Reviews

Nilüfer Yanya
Miss Universe

(ATO)

8/10

Every so often there’s a buzz around an artist and you don’t know quite how it’s got there. For Nilüfer Yanya it comes in the form of a bouncer laughing you down as you turn up for her Great Escape set ten minutes early expecting there’ll be space for you in the venue; in the form of unusually hushed crowds for big name support slots with Interpol, The xx, Mitski and Broken Social Scene; a BBC Sound of 2018 longlist; a starring role at the End of the Road festival’s Loud And Quiet-branded tent (a career highlight, of course); in the stony-faced lines of fans queuing up to buy a limited pressing of her debut EP when the Independent Label Fair comes around; in the lines of fans queuing up to buy a limited pressing of her second EP; in the lines of fans queuing up to buy a limited pressing of her third EP.

You get the idea: ‘Miss Universe’ arrives with its own hefty context. But when she appeared as Loud And Quiet’s first cover feature of the new year, it was all about finding a quiet mind (however contrary to journalism’s elephant in the room that is). Her debut album’s been made in between worlds, with some of indie music’s most-acclaimed producers and two of London and New York’s most-esteemed labels. But she still shared the first single from the album while she was parked outside the neighbourhood chippie before our interview with her. It’s hard to be discreet when the world’s watching, but not if you go and spend some time in Cornwall.

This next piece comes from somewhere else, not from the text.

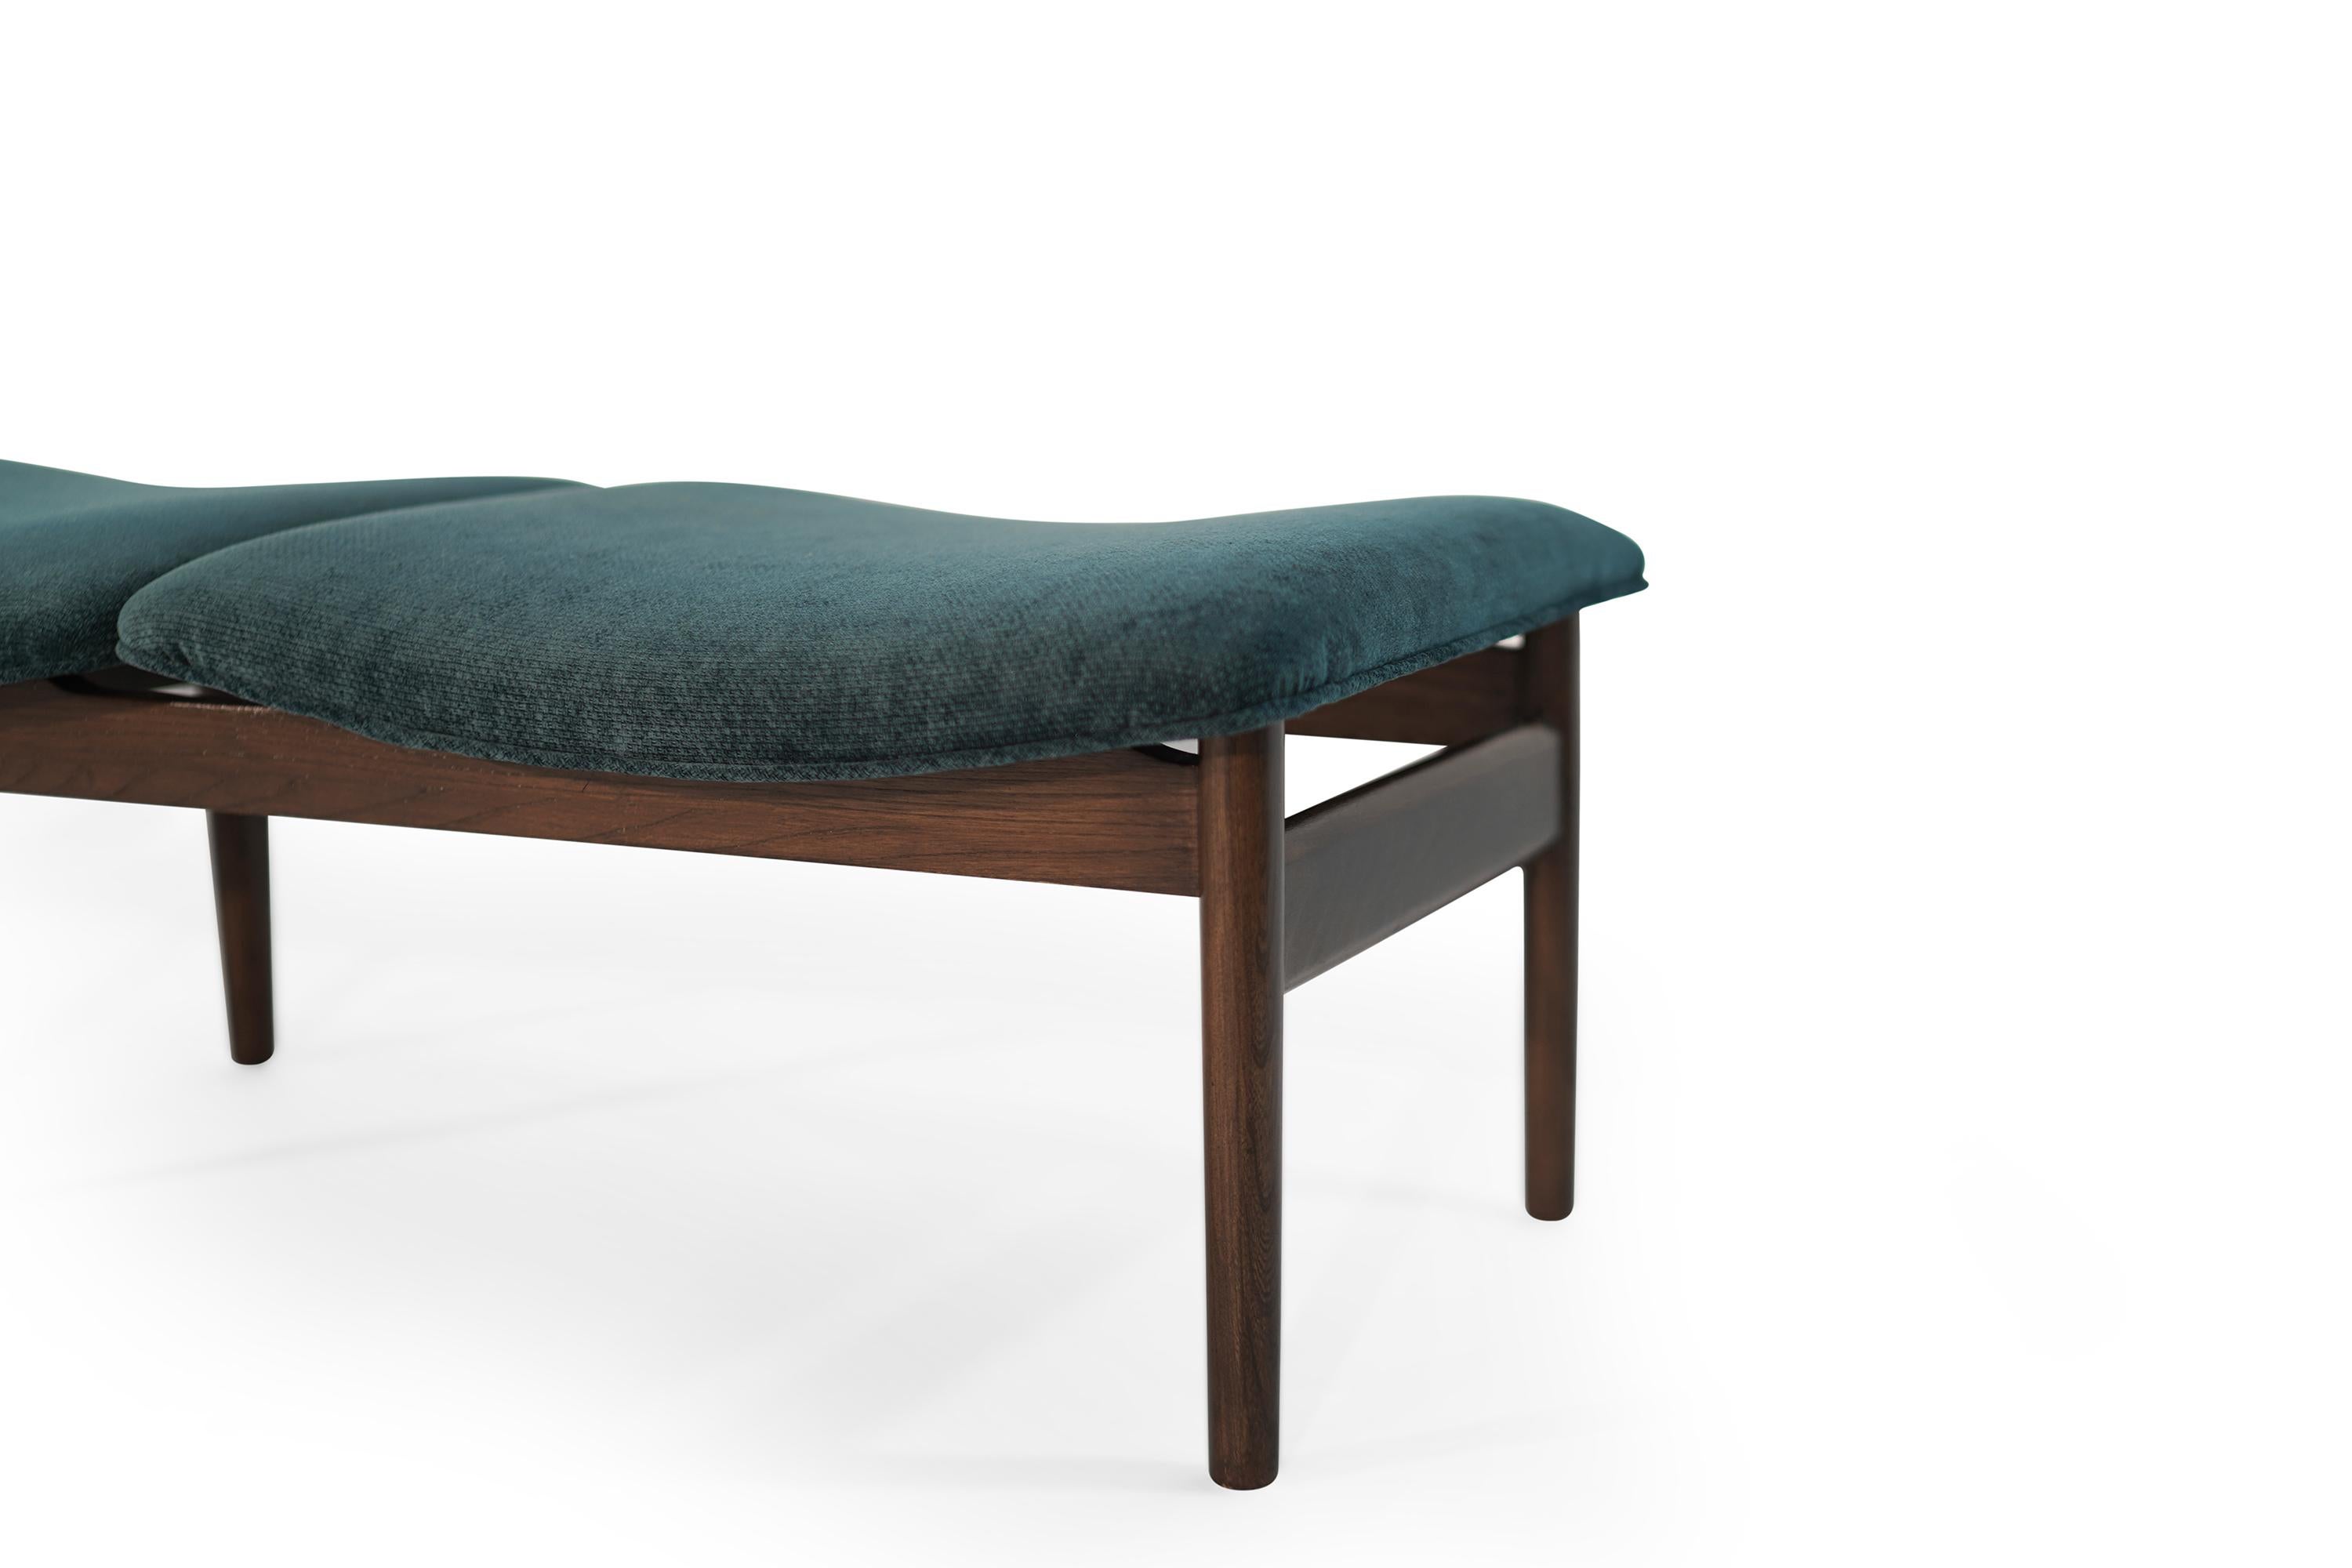 Lawrence Peabody Bench in Teal Twill, 1950s 2

The album also comes with a fictitious and over-friendly health management company. “You sign up, and you pay a fee,” she explains in the accompanying press release, “they sort out all of your dietary requirements, move onto medication, and then they’ll work out if anything’s wrong with you, maybe you can get a better organ or something… and then suddenly it starts to get a bit weird. You’re giving them more of you.” WWAY (We Worry About Your) Health also lends its name to the opening track – a conceptual spoken word piece that plays like an automated message on top of sunny steel drum hold music. Users can select possible symptoms: an abnormal feeling of discomfort from the light, a sense of being watched, a sense of being followed, deep paranoia and a longing for validation in others.

COVER FEATURE INTERVIEW: Finding a quiet mind with Nilüfer Yanya

The punchy second track, ‘In Your Head’, hits with grungy fuzz-ridden guitars and sharp synth singes. It’s several steps away from the soulful pop ‘Golden Cage’-era Yanya, but the jazz inflections are there in the breathy vocals somewhere between Karen O and Zara McFarlane. Its accompanying video is the perfect portrayal of digital identities in different worlds, rotating through glamour shots in swimming pools and wistful desert scenes to cheap Motel rooms showering dollar bills, mayo-soaked pastries and curly fries. It plays like a tongue-in-cheek audiobook of The Downsides to Being a Touring Musician 101.

Then ‘Paralysed’ – a hook driven dose of alt-rock that could be a Velvet Underground cover if Lou Reed found a greater vocal range. ‘Angels’ has the signature short punchy strums of ‘Baby Luv’ before succoring another anthemic chorus line, this one taking inspiration from Edgar Allan Poe and Malorie Blackman, about loving something to the point of killing it. Just as Yanya’s own Turkish-Irish-Bajan heritage, comprising a childhood in Cornwall and a feeling that London is home, has led her to recently unlock more physical spaces in which she feels like she can naturally exist, the grunge-rock stagger of the first half of ‘Miss Universe’ couldn’t be further away from squelchy dance floor tracks and smooth saxophone appetizers that come later.

‘Baby Blu’ is a gorgeous arrangement of plucked guitar patterns, digitised basslines and a minimalist Fugees-soul, RnB production. A 20-second warning foretells our entry to a “high temperature zone” as we’re met by the song she co-wrote with her old guitar teacher, The Invisible’s Dave Okumu; a brooding cinematic dose of bantamweight soul for a modern day Fun Boy Three. Extrapolated sax in ‘Melt’ from school friend Jazzi Bobbi isn’t just a cursory nod to a DIY and Soundcloud heritage, but feels like a compassionate demo take pining after freedom and debauchery. The same balladeering intoning vocals run through ‘Tears’ with a soft italo beat more in-line with a Christine & the Queens disco track than something you’d expect from an up-until-now stationary stage strummer.

True to years of writing and recording, this debut album plays like a burst river pipe at the height of monsoon season. More and more songs spill out, 17 of them in all, each tarnished with sharp distinctive hooks and the nasal jazz-pop tooting of Yanya’s voice. It’s full of intrigue and playfulness, a careful but bolshie response to any pressures of expectation. The closing automated message plays through an endless loop; you have finished phase one of your WWAY Health induction and you must now “give up or try again.” These part-fun/part-bleak messages of performance and health have already been perfectly captured in the album. But the clever concept still hits more with the critically satiric edge of Little Brother’s ‘The Minstrel Show’ than some needless add-on, even if she didn’t have to register with Company’s House.